The soils of Central Asia yield far less meat, dairy and produce today than they did a few decades ago. While that is an undisputed driver of poverty, new research examining the relationship between poverty and soil management challenges the idea that the rural poor are shabby stewards of the land, and could foster novel approaches to soil restoration.
In a paper published this month, Alisher Mirzabaev of the University of Bonn and two Russian colleagues use household survey data from Kazakhstan, Kyrgyzstan, Tajikistan and Uzbekistan to examine the “vicious cycles between poverty and environmental degradation.”
Mirzabaev has previously calculated that reduced crop yields, lower livestock productivity, and increasing needs for costly inputs such as fertilizer and labor – all signs of land degradation – cost the Central Asian economies $6 billion a year; the land was 4.8 times more productive in the early 1980s. Degraded land often needs more water, as well, to wash salts out of the topsoil.
But does poverty worsen soil degradation?
The poorest farming households, Mirzabaev and his coauthors found, are more likely to use their land sustainably, for example by reducing tillage (to cut down on fuel costs), diversifying and rotating crops. It stands to reason that farmers who are cash-poor have less money to spend on fuel and fertilizer and other environmentally unfriendly inputs: “Our results show that the poor households have adopted more SLM [sustainable land management] practices than their richer counterparts.”

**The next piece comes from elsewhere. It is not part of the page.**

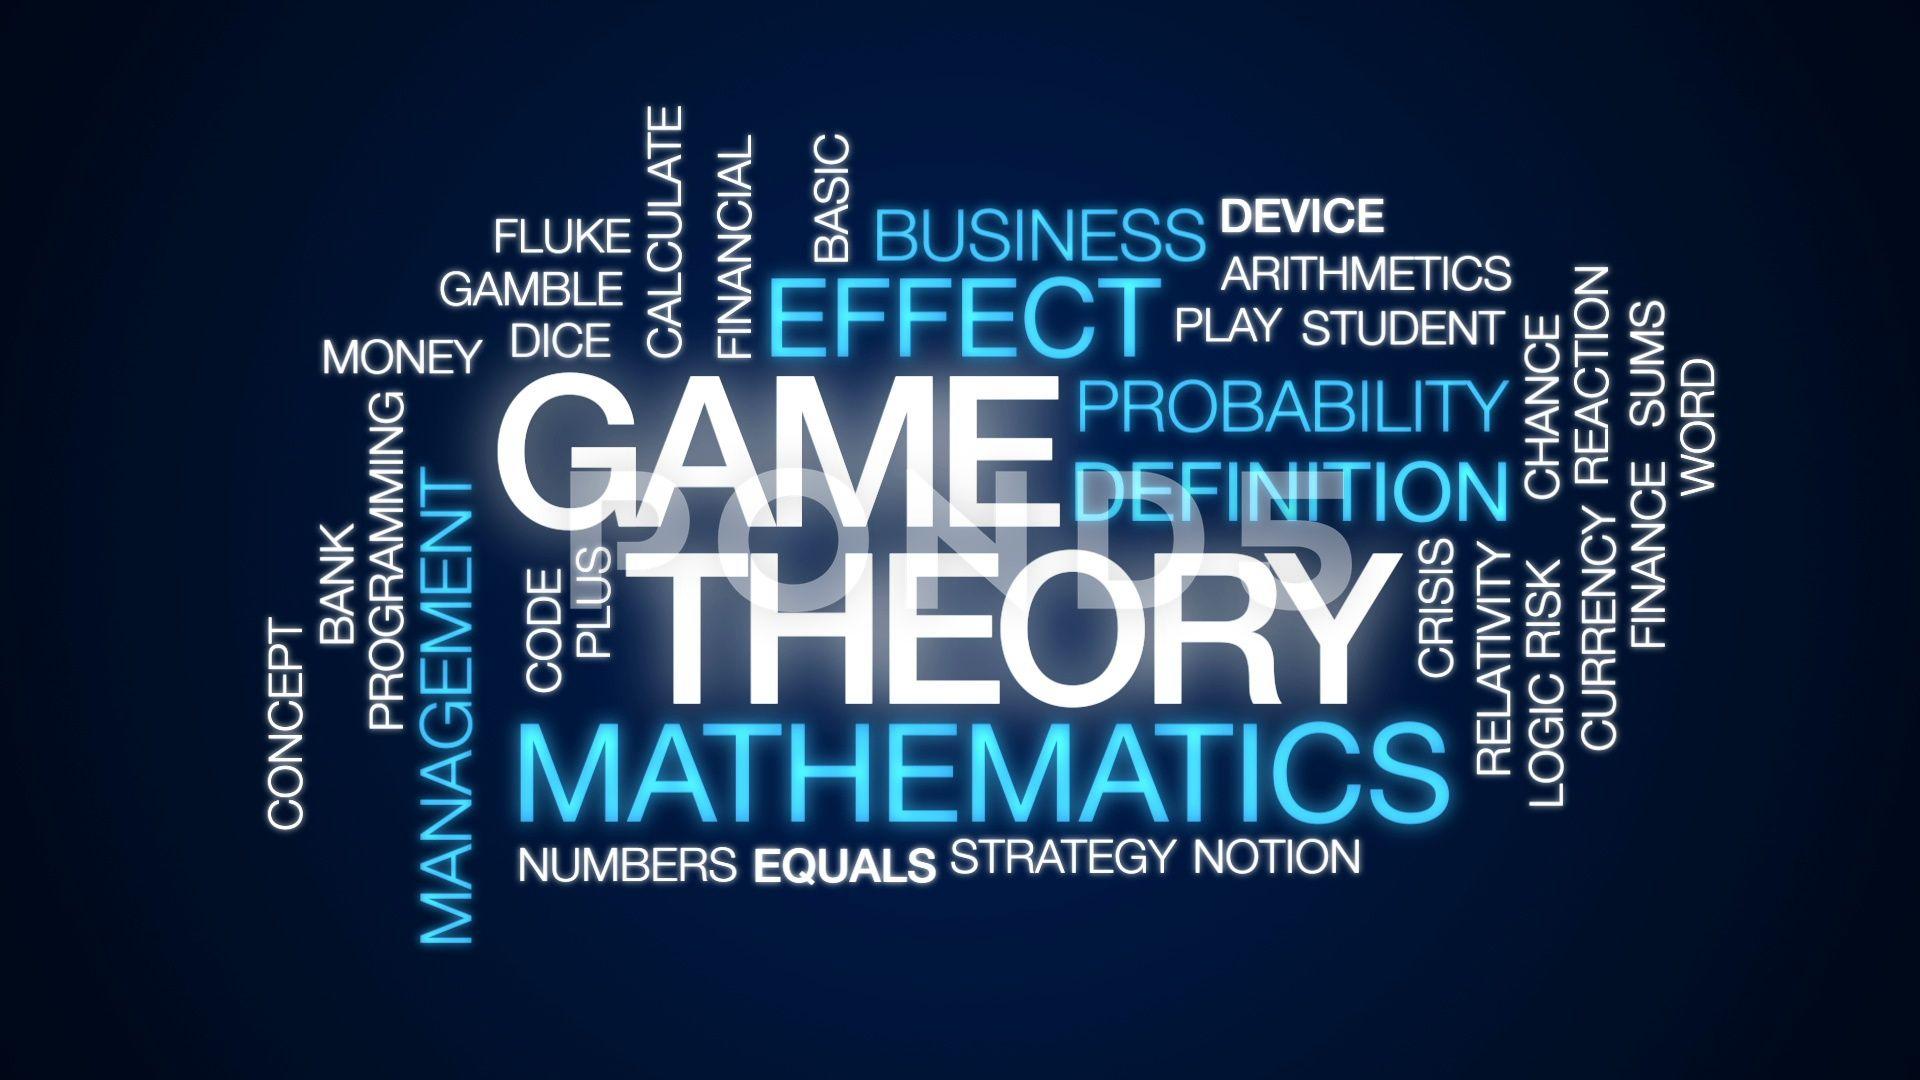 HS402 - Game Theory and Economic Analysis

SLM can be labor-intensive. But for the poorest farmers, who frequently live in rural areas with high unemployment, labor is often one thing they have in surplus.
This lack of alternative local work opportunities “reduces the opportunity cost of family labor, especially for women due to labor market inequalities, leading to increased allocation of family labor to farm production. From the view of land management, lack of non-farm employment opportunities may, thus, allow for the adoption of more labor-intensive SLM.”
In other words, the poorest farmers are putting more hours into tending the land by hand, doing less of the mechanized work that can deplete soils most rapidly.
The authors acknowledge their work could suffer a “survivorship bias,” meaning that the farmers surveyed do not include those who have quit trying to farm depleted fields: “We are looking into the areas where land degradation has not trespassed the irreversibility points and thresholds beyond which no agricultural production is possible.”